Mira rolled her eyes, flopping back onto her bed. "You're not third-wheeling. I invited you, Jace. It's a chill hangout, not some candlelit date night."

Jace sighed. "Still. It feels like… a thing."

"It's only a thing if we make it one," Mira said. "Please? You haven't been out in weeks, and you love sulking over tragic love stories in dark rooms. This one even has subtitles."

That earned a soft laugh from Jace. "Fine. But I don't know what to wear."

"We're fixing that right now." Mira grinned and switched the call to video. "Show me your options."

What followed was a chaotic blur of outfit changes, lighting checks, and Mira vetoing anything remotely boring. They settled on a soft black turtleneck, loose jeans, and a pair of clean white sneakers—comfortably attractive, effortless in a way that made Jace look like she wasn't trying at all.

"You look good," Mira said, her voice softening as she stared at the screen. "Like... you."

Jace looked away quickly. "Thanks. I'll call a cab."

"Send me your live location. And don't ghost me halfway there, or I'm dragging you out myself."

By the time Jace's cab was on the way, Mira and Michael were already at the cinema. Their ride had arrived first, giving them time to settle into the crowd buzzing around the lobby.

Michael handed Mira her popcorn and drink before holding up Jace's, already balanced in a cup tray. "Are we officially the overprepared parents now?"

"She'll love it," Mira said, brushing invisible lint from his hoodie. "You remembered she likes strawberry Fanta, right?"

"Wasn't gonna forget that." Michael leaned in to steal a kiss, quick and warm. "You're really happy she's coming, huh?"

Mira nodded, watching the entrance. "Yeah. I just… want her to know she's still important. Even with us."

Michael didn't reply, but he laced his fingers through hers and squeezed gently.

They waited near the lobby's edge, tucked just beside the glowing movie posters, their drinks and popcorn stacked between them. The early evening light filtered in through the wide glass doors, casting soft gold over the floor tiles.

Then Jace walked in, scanning the crowd until her eyes landed on them.

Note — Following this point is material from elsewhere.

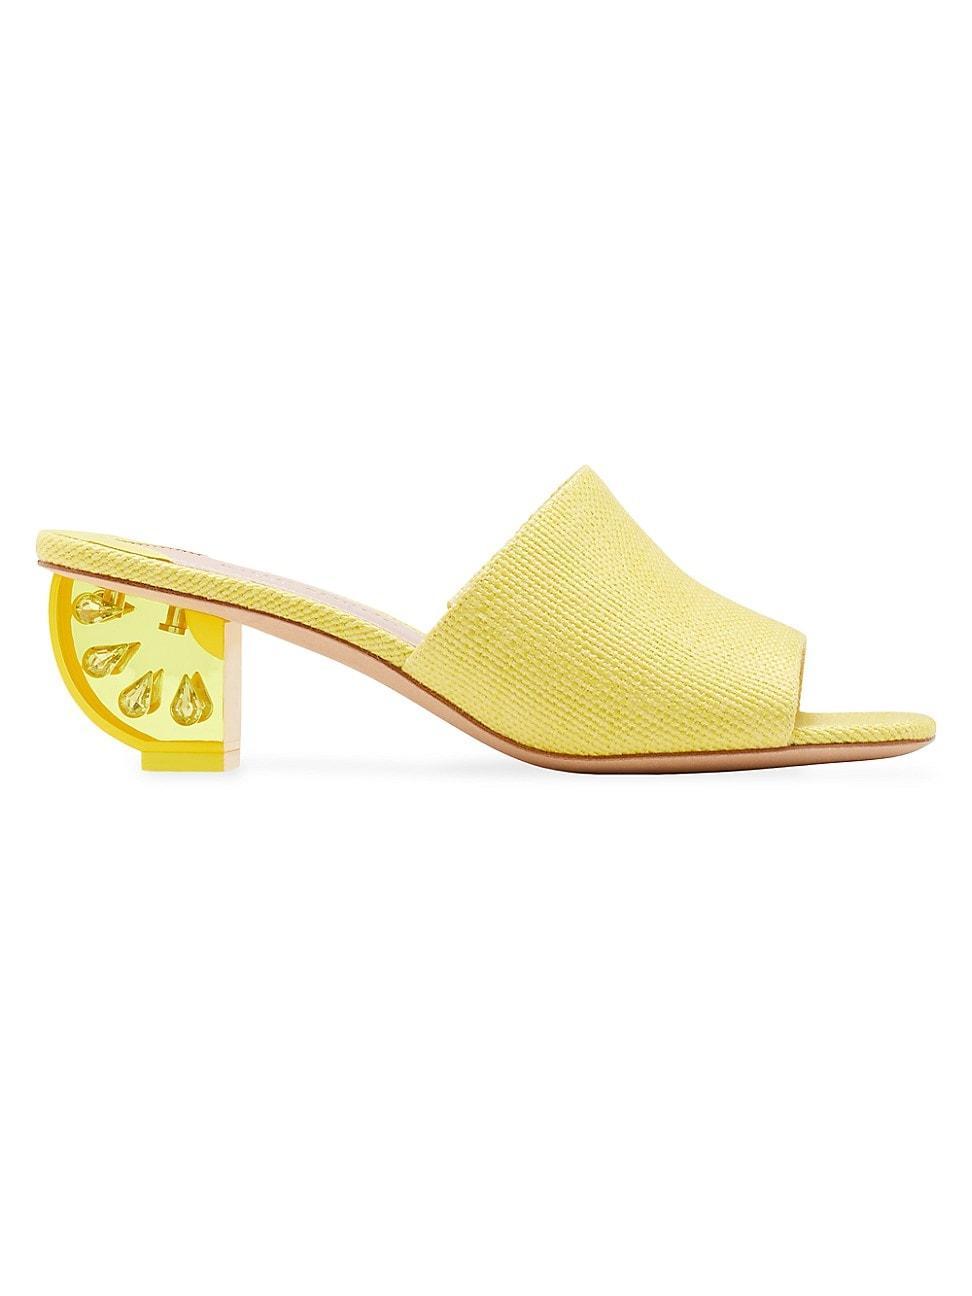 kate spade new york citrus sandal Product Image
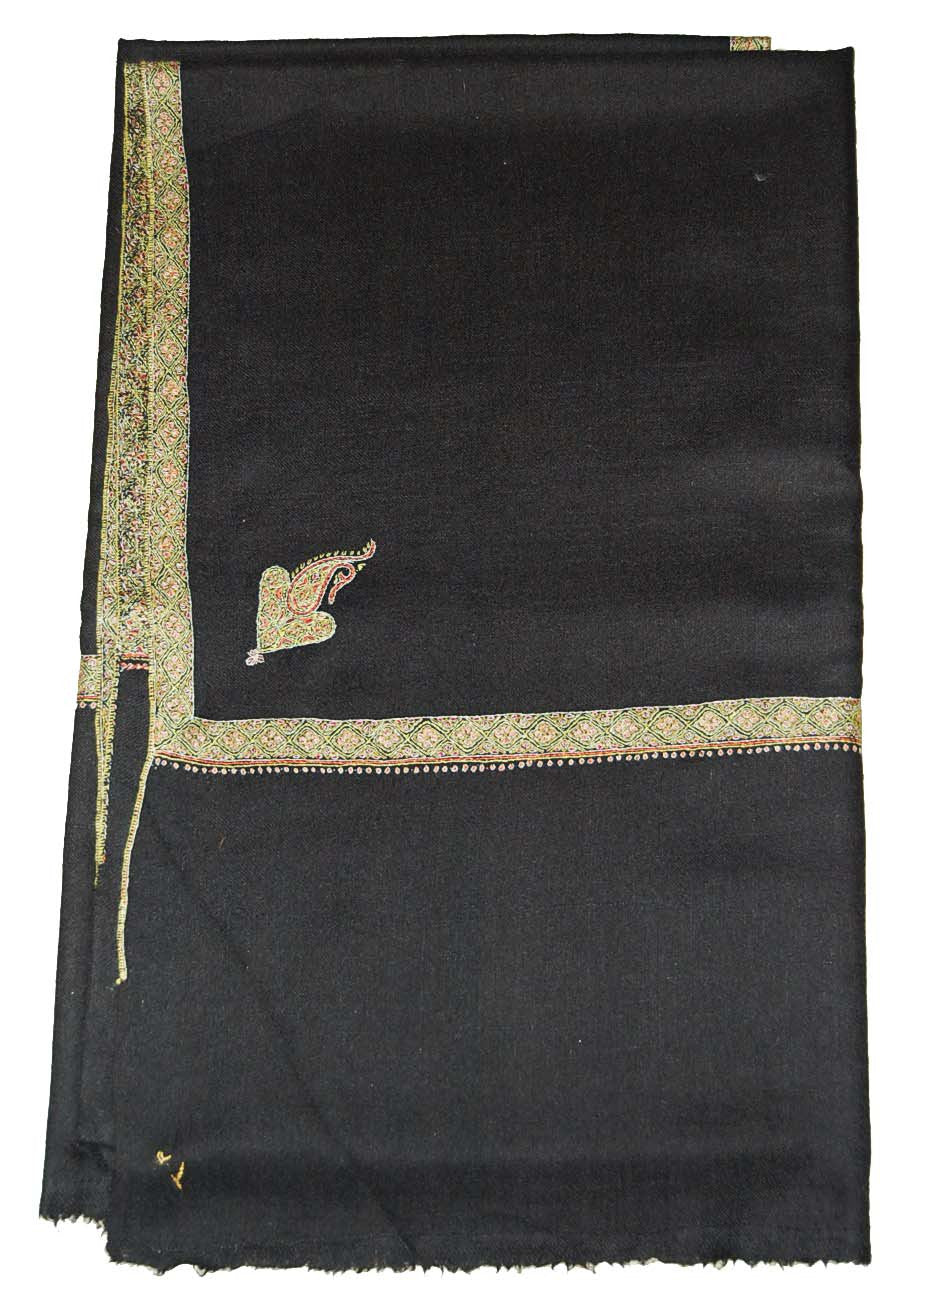 Kashmir Pashmina "Cashmere" Embroidered Shawl Black, Multicolor #PDR-001

Mira waved, face lighting up, and Jace's tentative smile melted into something warmer.

"You two look like a romcom poster," she teased as she approached. "I'm clearly the awkward best friend who's secretly in love with someone."

Michael chuckled, holding out her drink and snacks. "Well, you've got the outfit for it."

They laughed, and for a second, it didn't feel weird at all.

The movie theater was dim and humming with quiet chatter, popcorn rustling, soda fizzing. Mira sat between Michael and Jace, trying to ignore how the leather seat felt like a pressure point between the past and present.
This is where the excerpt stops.